Another button-down Newhart album featured monologues that included the Grace L. Ferguson Airline and bus drivers school (“There. Did you see the way he slammed the door in Mrs. Selkirk’s face?”)
Later when I moved to the Midwest, The Bob Newhart Show was part of an amazing Saturday schedule on CBS (a lineup that also featured Mary Tyler Moore, MASH and All in the Family). The Newhart show ran from 1972 to 1978. Living in Peoria, I was getting acquainted with Chicago and here was Bob walking though the Windy City each week while the theme song played.
There was a Peoria show, of course. No, they didn’t do any filming in central Illinois. The 1973 episode, entitled “The Motel,” revolves around Bob and Jerry heading off to Peoria to watch the Bears on TV since the game was blacked out in Chicago (they used to do that, folks). Wouldn’t you know it, the plot revolved around a prostitute with a heart of gold?
Another episode that sticks in my mind is the party at Bob’s apartment where everyone did the Bunny Hop. Try getting that tune out of your head.
Later, Newhart headed up another series, Newhart, running from 1982-1990 (featuring Larry and the brothers Daryl, among others). Now Bob’s an innkeeper in Vermont and instead of Suzanne Pleshette, his wife is played by Mary Frann.
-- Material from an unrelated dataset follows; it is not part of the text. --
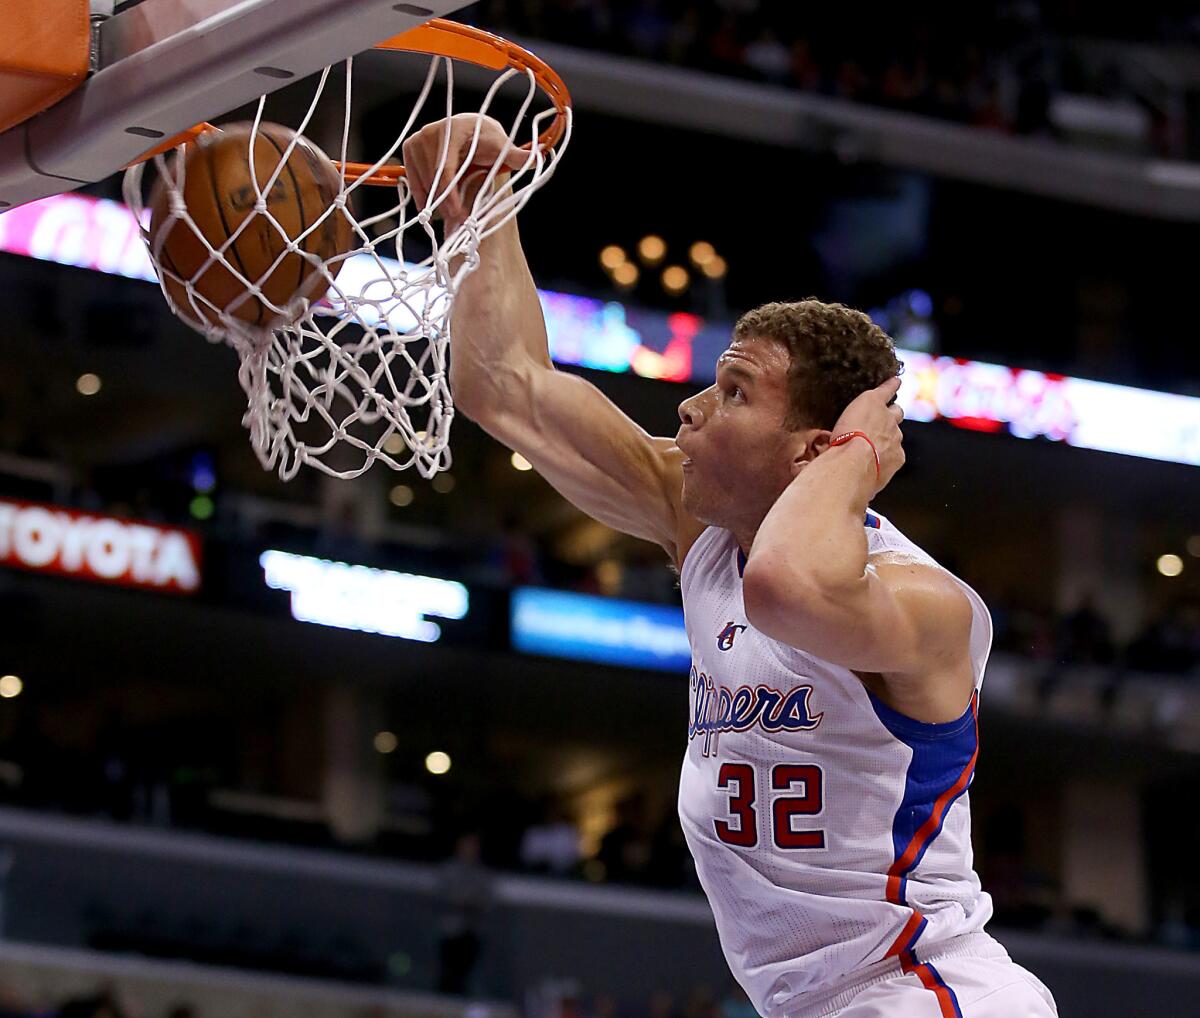 Clippers power forward Blake Griffin throws down a breakaway slam dunk against the Suns on March 10 at Staples Center.

There’s a lot to remember from this one but the opening—a mini-travelogue of Vermont with scenes of a small town, woodsy highway, and boating on a lake—all to the strains of a rollicking Henry Mancini theme—always reminded me of my mother’s place in New Hampshire.
That show pulled off the greatest surprise in TV history when, at episode’s end, Bob wakes up with Pleshette and we learn that the whole Vermont thing has been a dream.
Throw in the fact that one of the videos my kids watched endlessly when they were young was the Rescuers Down Under, that animated Disney film from 1990 with a wonderful George C. Scott villain. Newhart and Eva Gabor were the voices of the meeces we love to pieces (as Hanna-Barbera’s Mr. Jinks would say). So Newhart was always there.
Tributes abound for a man the world found eminently likable. I’ve seen references to an “everyman persona” and “deadpan” wit. Whatever it was that made him special, I’m glad he was around.
Great job and quickly down.
Let's remember the fantastic Thanksgivng episode, Over the River and through the Woods were they get super drunk and order a ton of Chinese food. Moo goo guy pan. More goo to go!